U.S.-China Lower Reciprocal Tariffs During 90-Day Negotiation Period

On May 12, 2025, the Administration agreed to lower reciprocal tariffs imposed on products of China under the International Emergency Economic Powers Act (IEEPA) for 90 days to allow for further negotiations between the two countries on a formal trade deal.
The 90-day suspension reduces the 125% reciprocal tariffs imposed on April 10, 2025, on goods imported from China down to 10%. With this reduction, the baseline reciprocal tariff on goods imported from China will now be at the same reciprocal tariff rate applicable to essentially all other countries. 
This 90-day pause became effective on May 14, 2025, and is anticipated to last until August 12, 2025. Following the end of the 90-day period, assuming the U.S. and China do not reach an agreement, the reciprocal tariffs are expected to increase from 10% to 34%. 
It is important to note that this pause does not affect the other tariffs that are currently imposed against Chinese imports, including the 20% IEEPA-Fentanyl tariffs imposed on products of China in February and March 2025, as well as any applicable Section 301 tariffs imposed during the first Trump Administration, antidumping/countervailing duties, and general duty rates.

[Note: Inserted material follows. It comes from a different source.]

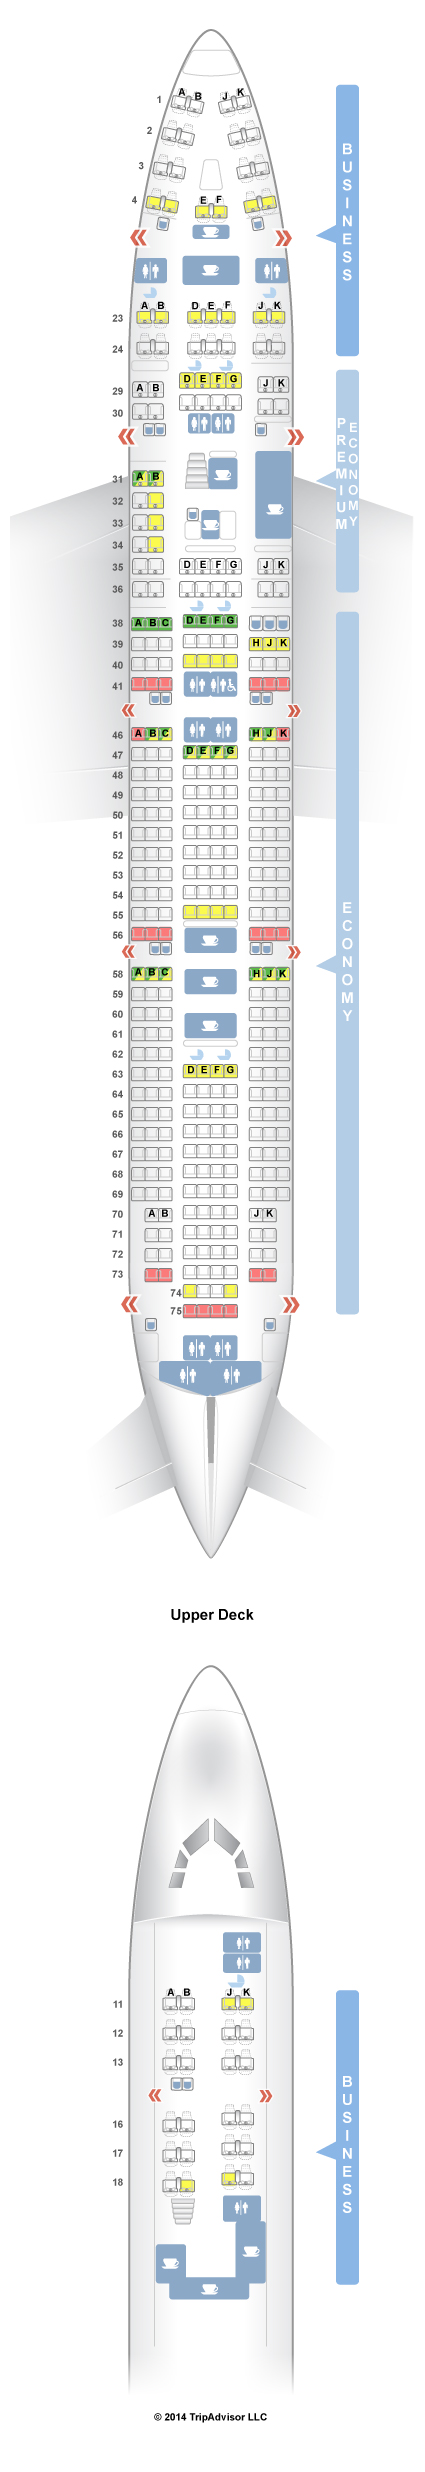 Qantas Boeing 744 Jet Seating Chart

For example, an item from China subject to 25% Section 301 tariffs would now be subject to a 55% rate taking into account the additional IEEPA-Fentanyl (20%) and reciprocal (10%) tariffs, plus any general duty rate. However, for Chinese imports subject to Sec. 232 duties for steel and aluminum products and their derivatives and automobiles and their parts, importers should carefully review Executive Order 14289’s “unstacking” provisions.